_Work request_: Please give the lines below again exactly as they stand, from the one that contains "Blazer Women Black" up to and including the one that contains "Corporate Drama", leaving all pictures out.

_Stored data_:
╔══

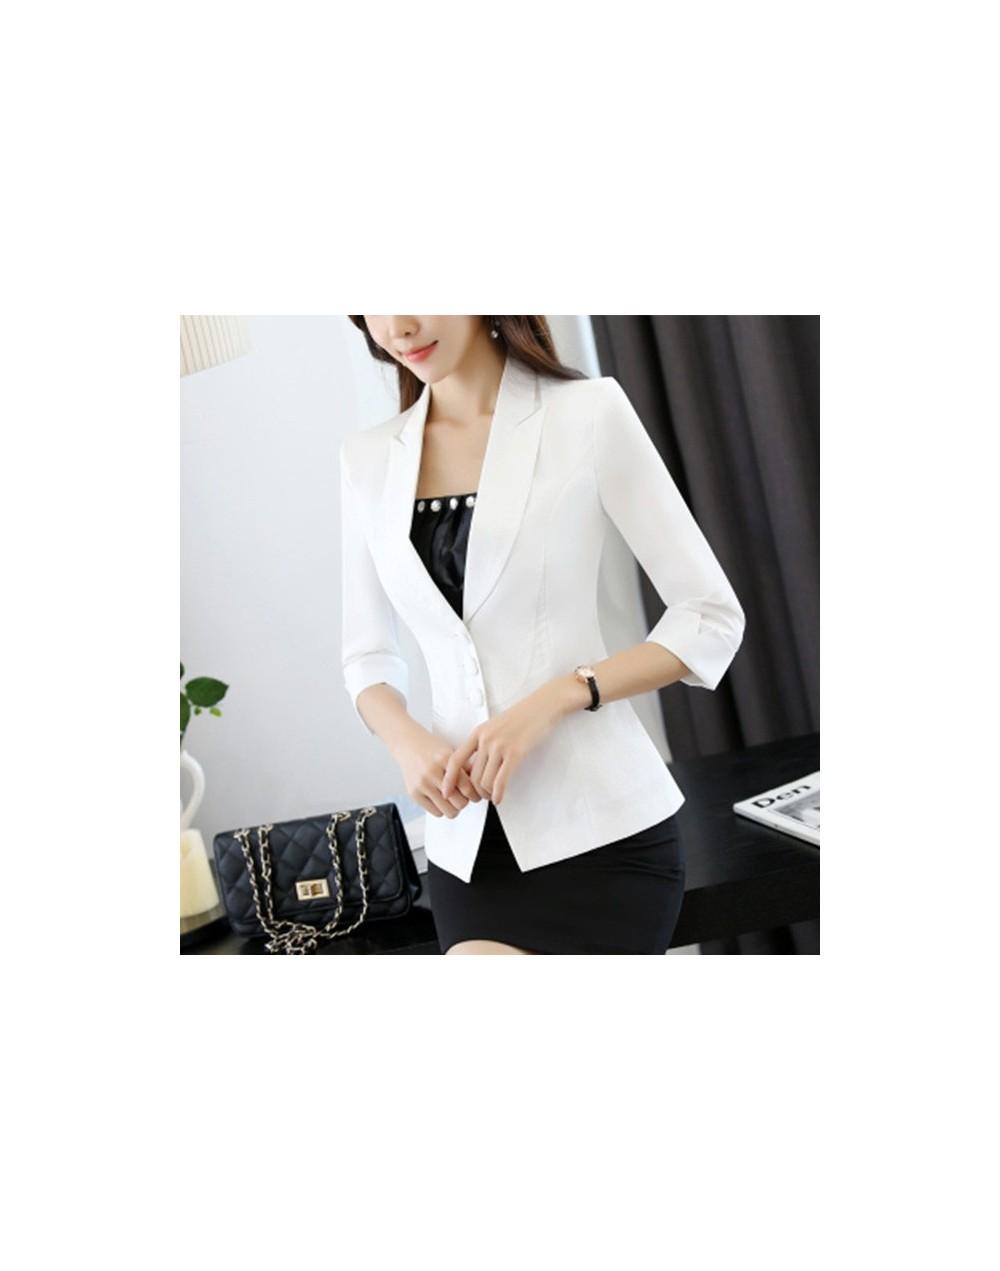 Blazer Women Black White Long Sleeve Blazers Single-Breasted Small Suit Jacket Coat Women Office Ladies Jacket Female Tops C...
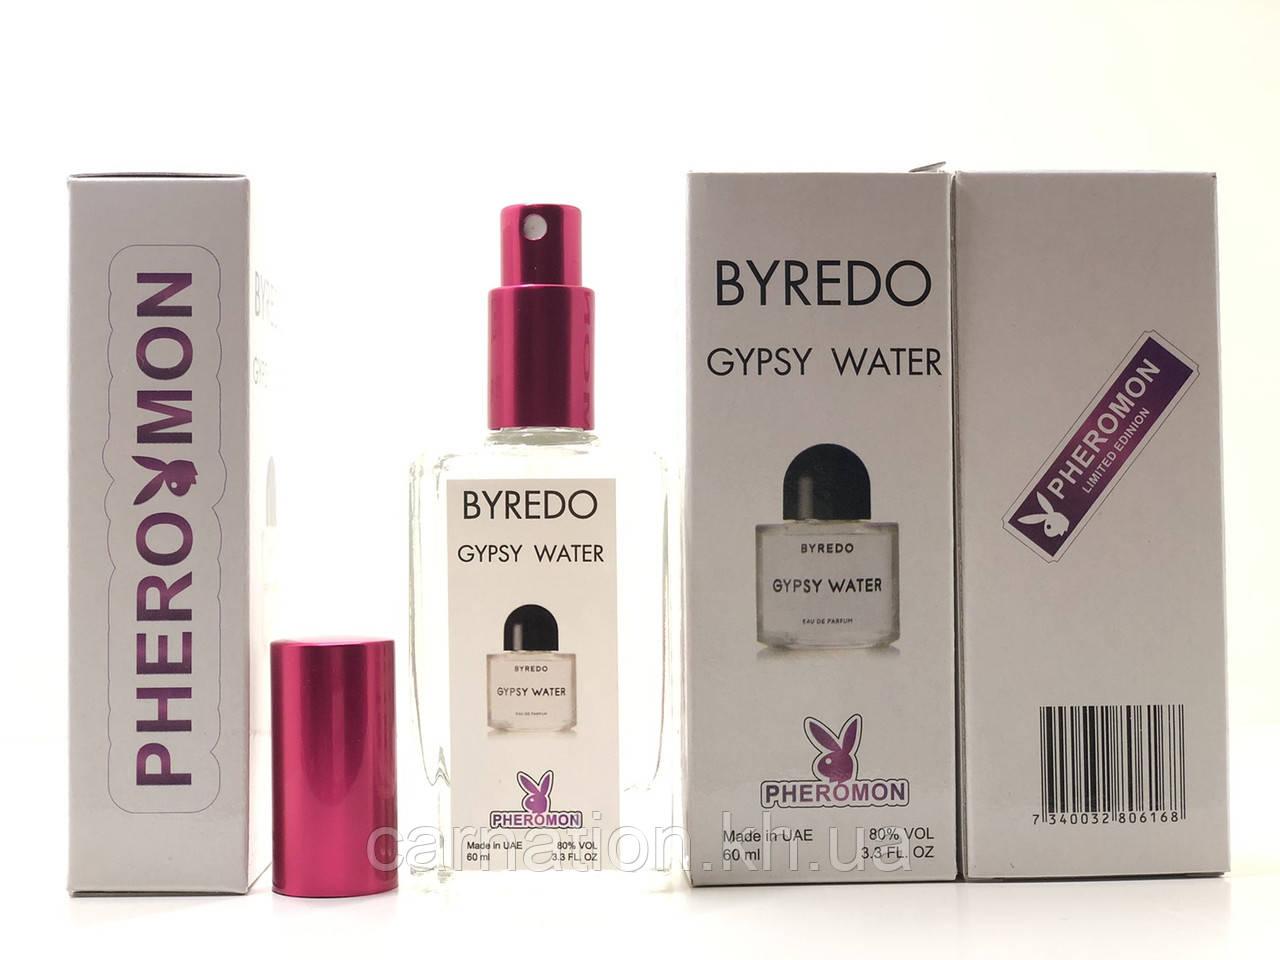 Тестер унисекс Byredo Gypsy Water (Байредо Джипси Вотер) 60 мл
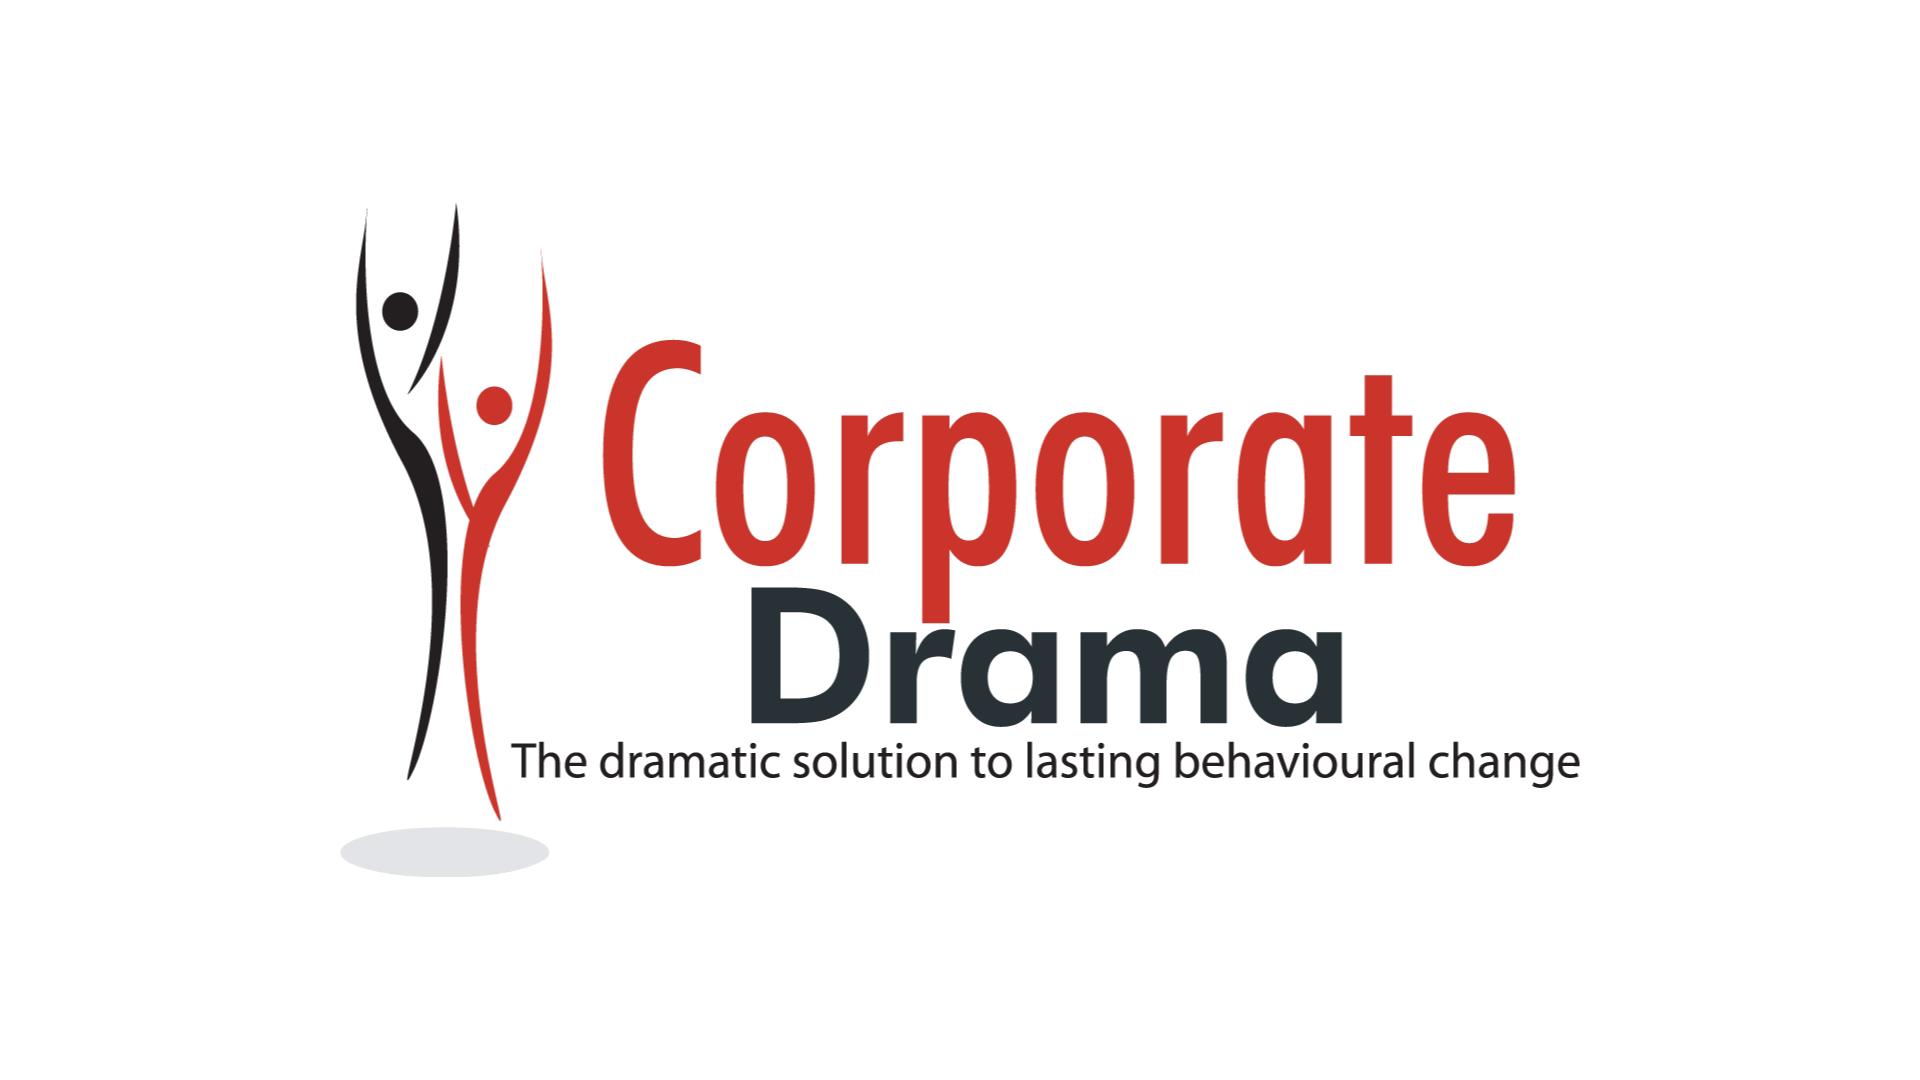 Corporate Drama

╚══
╔══

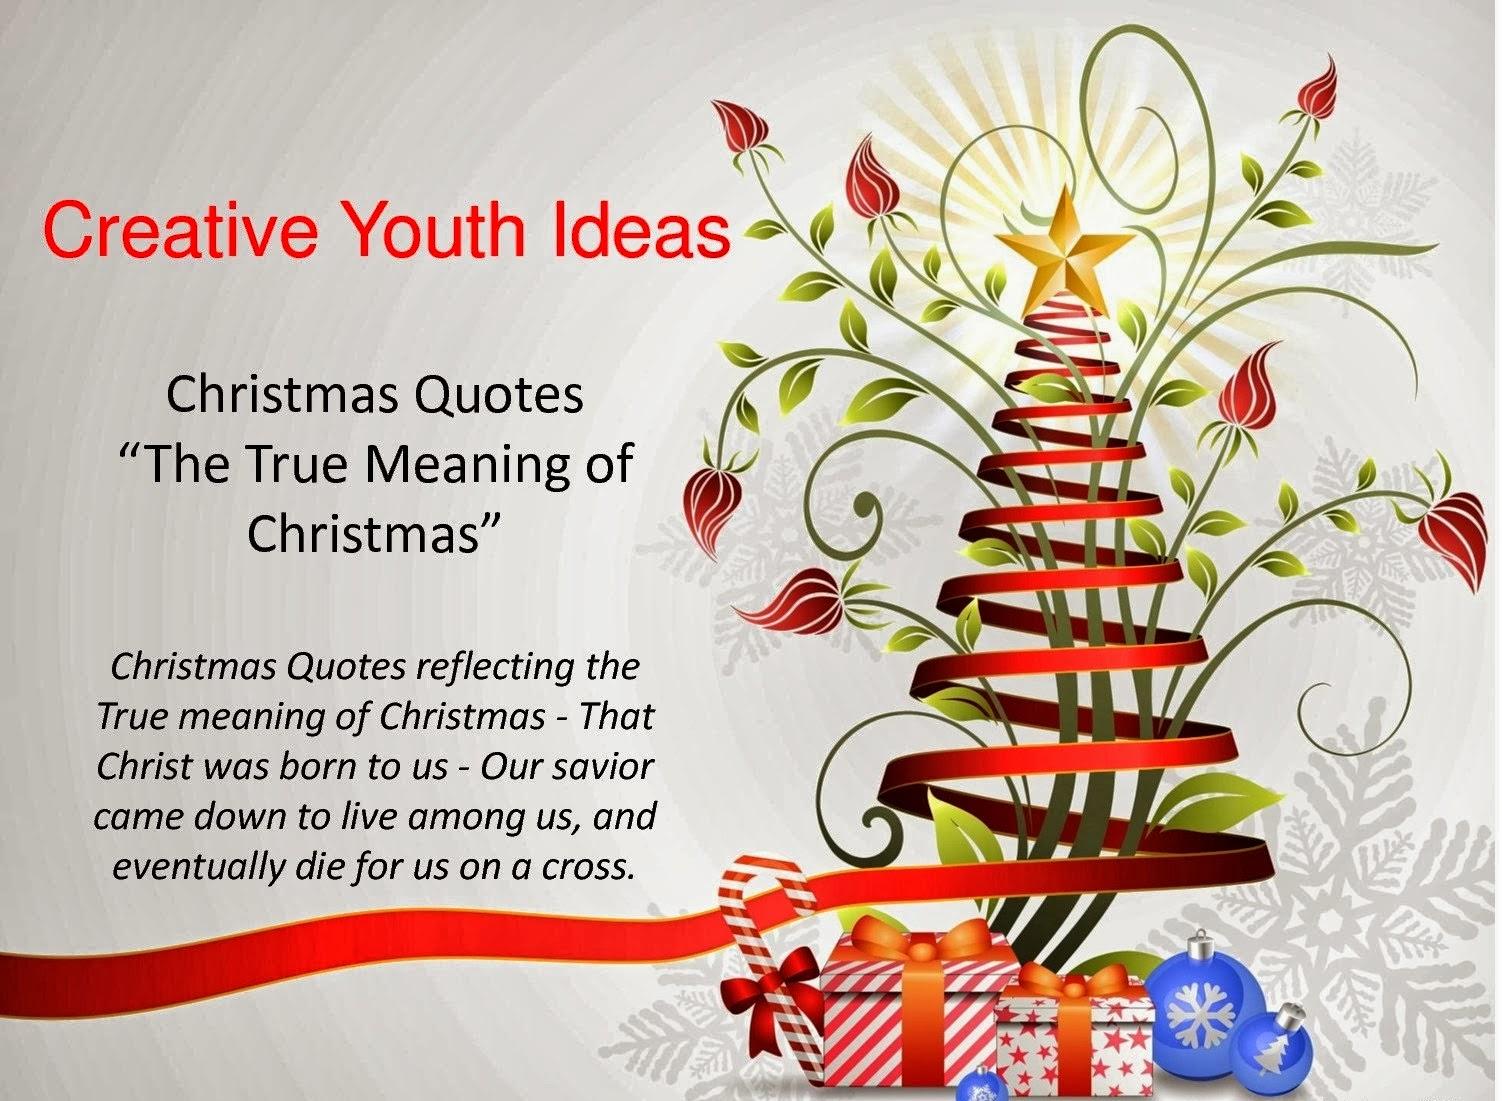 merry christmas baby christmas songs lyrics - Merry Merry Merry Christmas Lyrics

╚══

_Response area_:
 Blazer Women Black White Long Sleeve Blazers Single-Breasted Small Suit Jacket Coat Women Office Ladies Jacket Female Tops C...
 Тестер унисекс Byredo Gypsy Water (Байредо Джипси Вотер) 60 мл
 Corporate Drama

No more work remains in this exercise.